--- Available data Enclosed Below ---
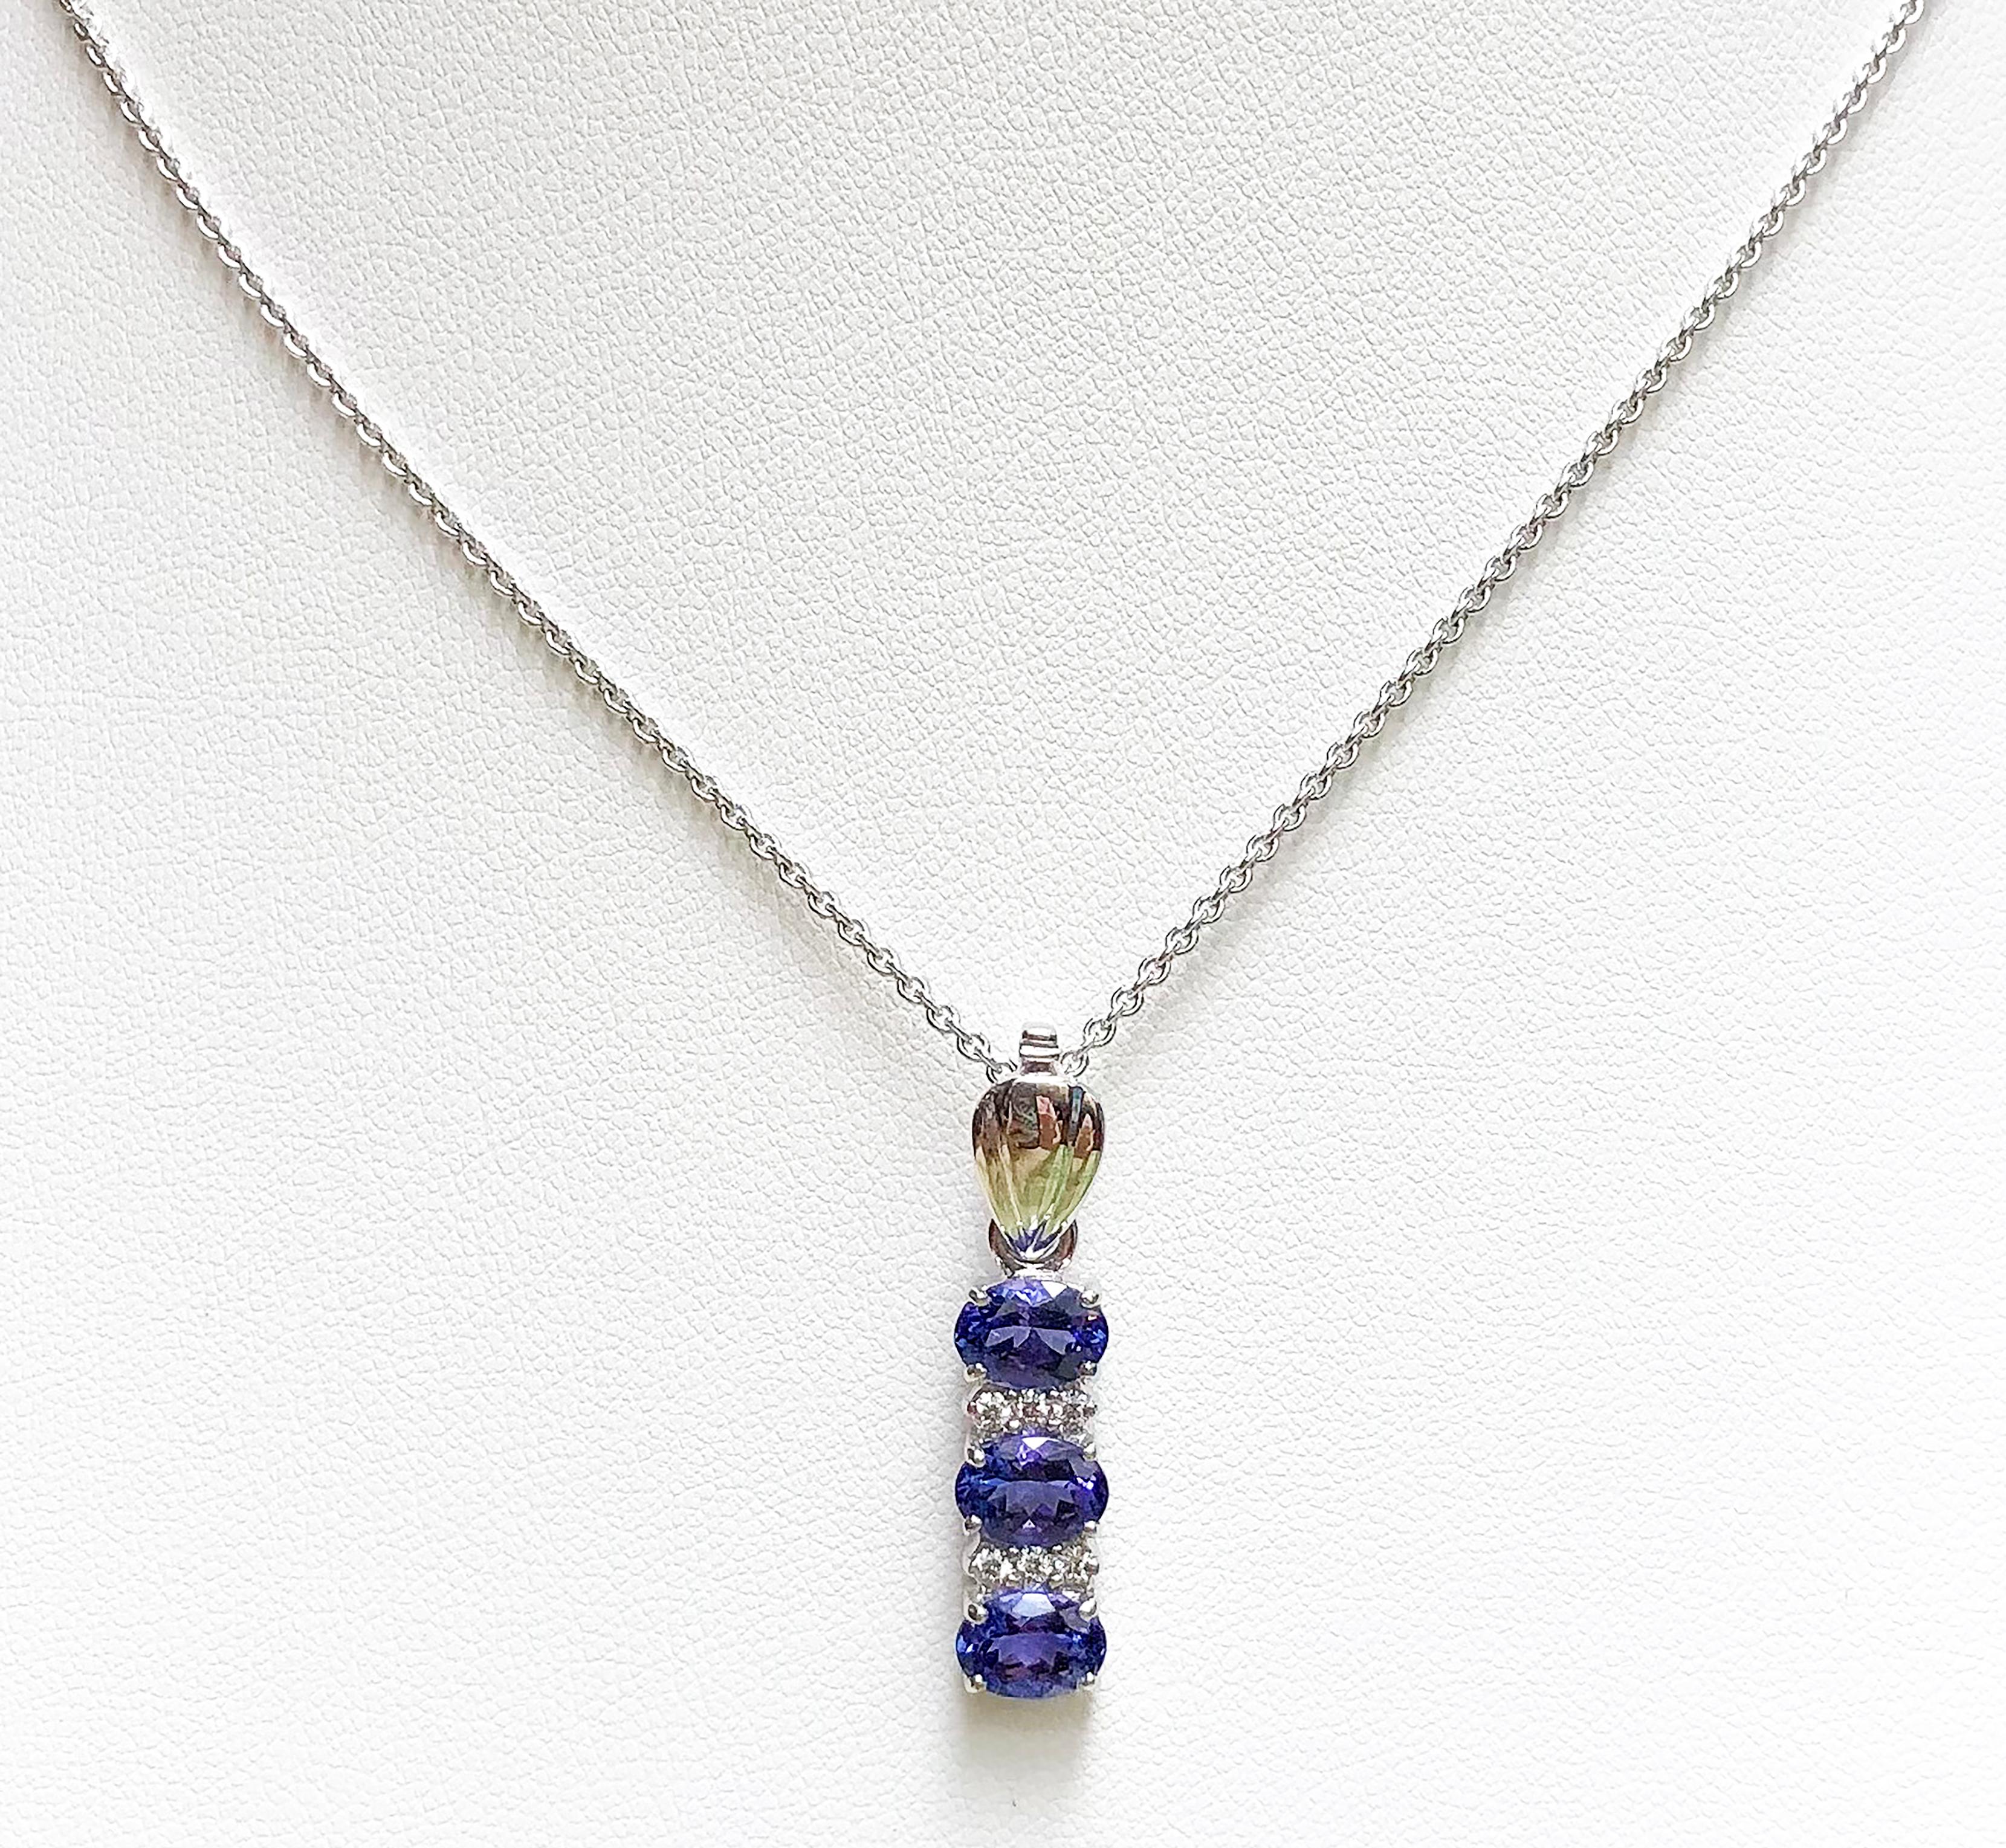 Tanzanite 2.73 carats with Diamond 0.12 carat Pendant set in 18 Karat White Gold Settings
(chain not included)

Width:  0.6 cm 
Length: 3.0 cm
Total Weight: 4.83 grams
--- End of Enclosed Available data ---
● **What the task asks**: Transcribe all data precisely. Pictures are not copied.

● **Answer below**:
 Tanzanite 2.73 carats with Diamond 0.12 carat Pendant set in 18 Karat White Gold Settings
(chain not included)

Width:  0.6 cm 
Length: 3.0 cm
Total Weight: 4.83 grams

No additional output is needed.